Да уж спасибо, сколько раз мне это повторяли — как следует знаю.
— Потому что пришел сюда? Потому что говорю с тобой? Потому что решил сделать… то, что решил?
— Потому что решил — и пришел. А не решил — и сделал. Раз уж явился сюда — значит, ищешь обходные пути и хочешь, чтобы на самом деле тебя остановили.
Я молчал. Серп под ладонью заливался белым смехом небытия. Он знал — остановиться мы не можем.
Ибо мы — одно.
Только вот взгляд как присох к истертому, зазубренному лезвию ножниц. Между которыми неспешно протянулась, улеглась еще одна нить.
Так же, как когда-то — моя.
— Что смотришь? — голос Неотвратимости — надтреснутый и зазубренный, как металл. — Твоей нити тут нет, невидимка. Только вот смерти-то ты все равно успел попробовать? Обратно не хочется?
Лезвия сжались, резанули — и нить жалобно вскрикнула, дёрнулась, свернулась… пропала.
Померещилось вдруг — пол, чёрная жидкость хлещет из горла, заливает пальцы… нет, мелькнуло — осталось позади, выпаленное обжегшим ладонь Серпом.
Я подошел к развернутому свитку, который разбросал кольца по каменному столу. Клото пошла следом, проворчала: «Чего ты там не видел»…
Снял с пояса меч — и Мойры онемели, когда острие Серпа Крона зависло над их сущностью. Над частью их предназначения.
— Мой отец думал, что убить Судьбу можно только одним способом.
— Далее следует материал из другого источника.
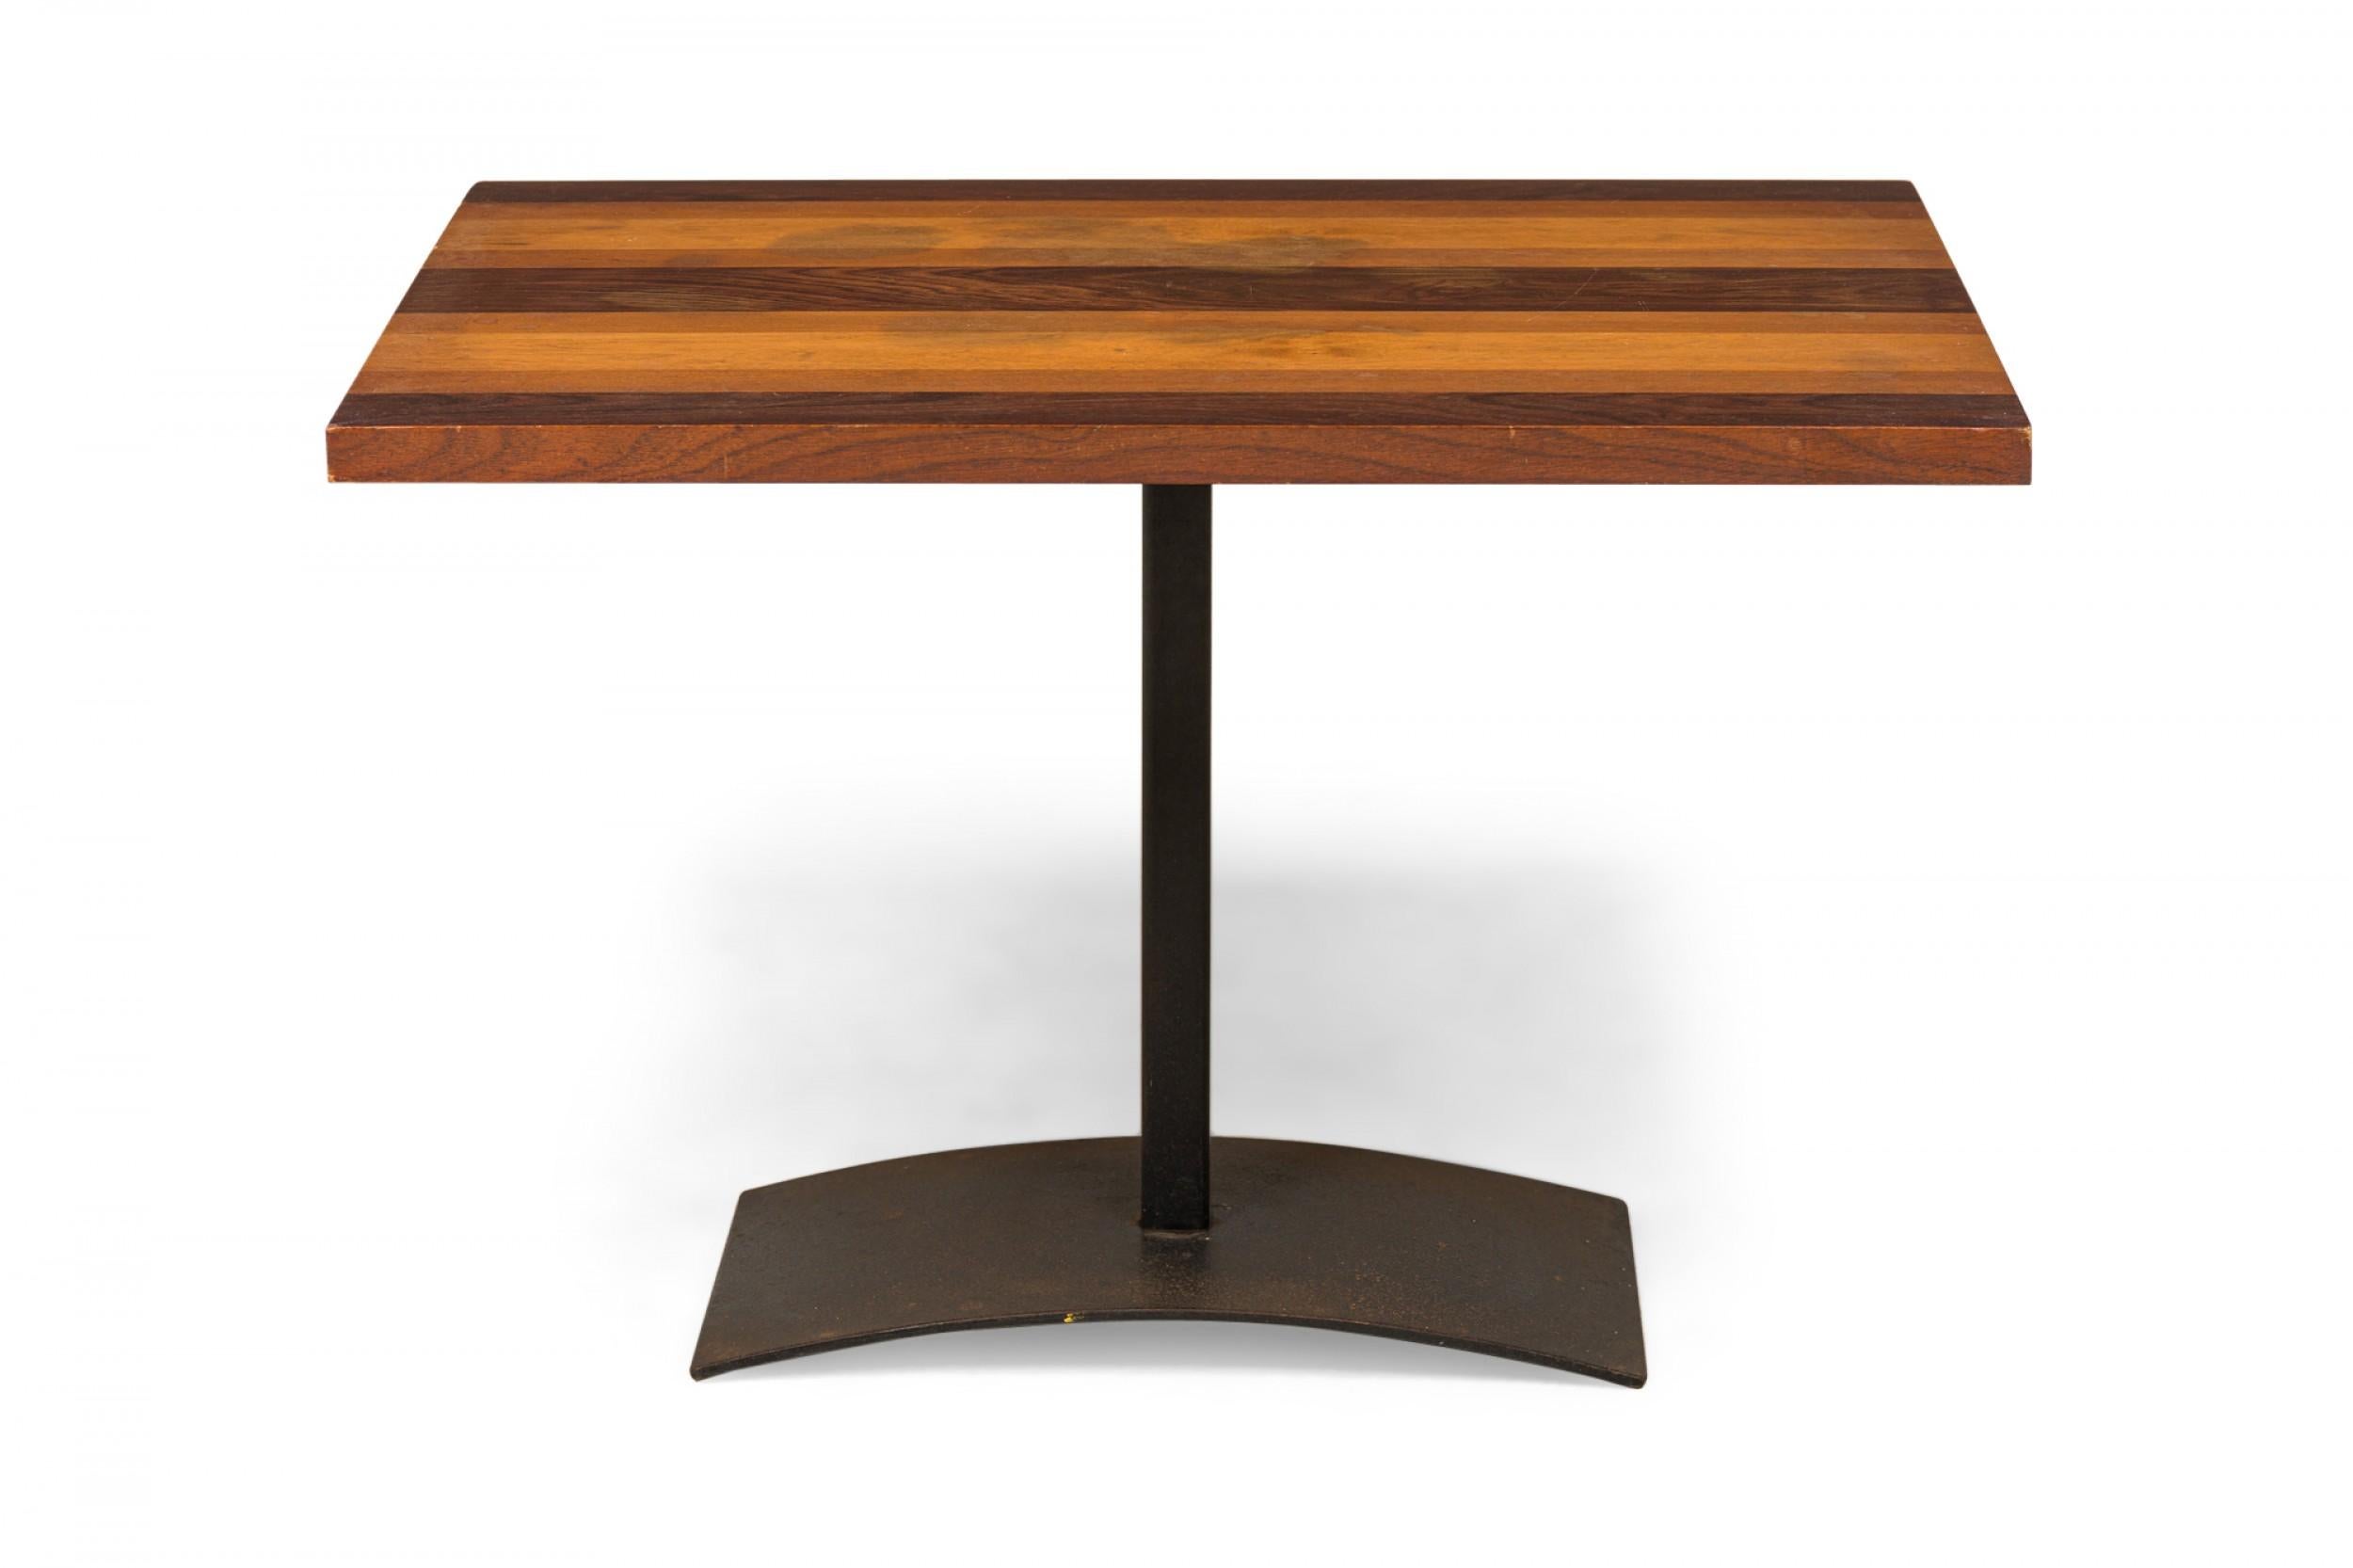 American Mid-Century rectangular end / side table with a tri-tone rectangular wooden top resting on an iron pedestal base with a domed rectangular foot. (MILO BAUGHMAN FOR THAYER COGGIN)

Сотворив то, что не прописано в ее свитке. Хотите поспорить со мной на то, что я найду не один способ?
— Ах ты…
Я — мы — улыбнулись едкой улыбкой небытия. В лицо трём ничтожным перепуганным старухам.
Нить легла между двух древних лезвий — а они не сомкнулись. Побоялись тиши и скрещения взглядов.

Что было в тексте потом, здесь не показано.